# 6x9 additions



## Mitica100 (Apr 21, 2005)

I just won two bids on two 6x9 cameras, an AGFA Billy Record C (I believe with the Gauthier shutter) and a Kodak Six 20. Can't wait to get them and do the cleaning, revamping... :mrgreen: 

The AGFA takes softer pictures, I understand, it's got a weird lens on, but I've seen some nice shots on the web, besides it was very cheap.

Oh well...  Tax refund money. :mrgreen:


----------



## ferny (Apr 21, 2005)

> The AGFA takes softer pictures, I understand, it's got a weird lens on, but I've seen some nice shots on the web, besides it was very cheap.

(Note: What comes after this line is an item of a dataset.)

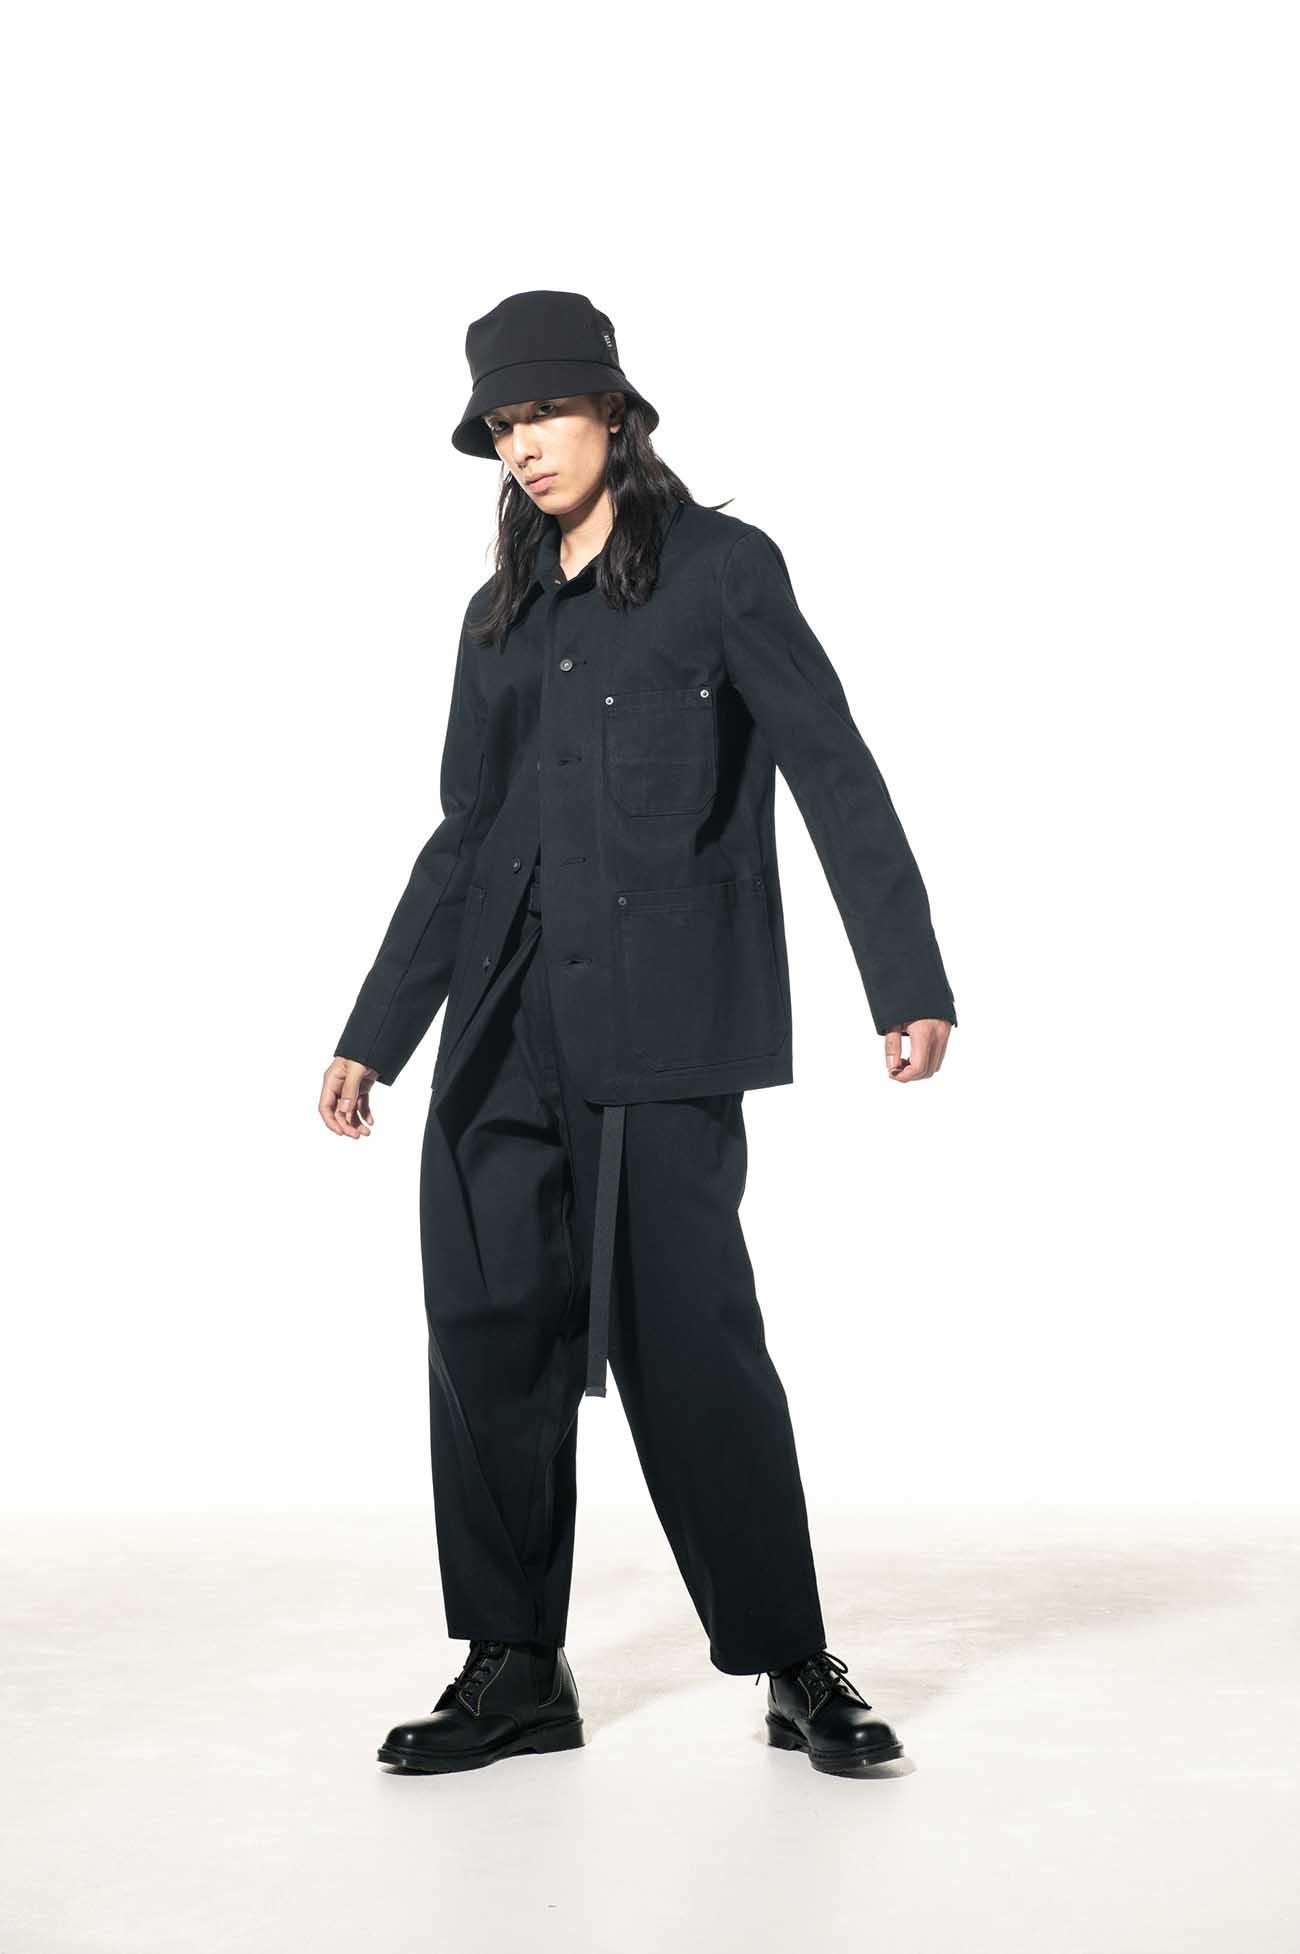 10 oz Denim Coveralls Jacket

What's weird about the lens? 

Good buys, if that's what you want. :thumbsup:


----------



## Mitica100 (Apr 21, 2005)

It's called Jgestar or Jgetar. The aperture is either 6.3 or 8.8. Go figure!...


----------



## terri (Apr 21, 2005)

Post pics of the new kids!!!   I wanna see!    :mrgreen: 

All my tax money is going to the air conditioning guy this year...it's so depressing.    :thumbdown:   But at least my darkroom will stay cool and dry.    :mrgreen:


----------



## Mitica100 (Apr 21, 2005)

terri said:
			
		

> Post pics of the new kids!!! I wanna see! :mrgreen:
> 
> All my tax money is going to the air conditioning guy this year...it's so depressing. :thumbdown: But at least my darkroom will stay cool and dry. :mrgreen:


 

Well... Let me fetch some generic photos from Google...




This is the AGFA Billy Record, although the one I got has the Art Deco nickel sides.  And I believe it's another shutter altogether, a Gauthier.
​



And that's the Six 20, apparently made in the UK.​I'll deliver better pics when they arrive.
​


----------



## terri (Apr 21, 2005)

> the one I got has the Art Deco nickel sides


  Ha, I bet it looks awesome!   

Looking forward to seeing them!


----------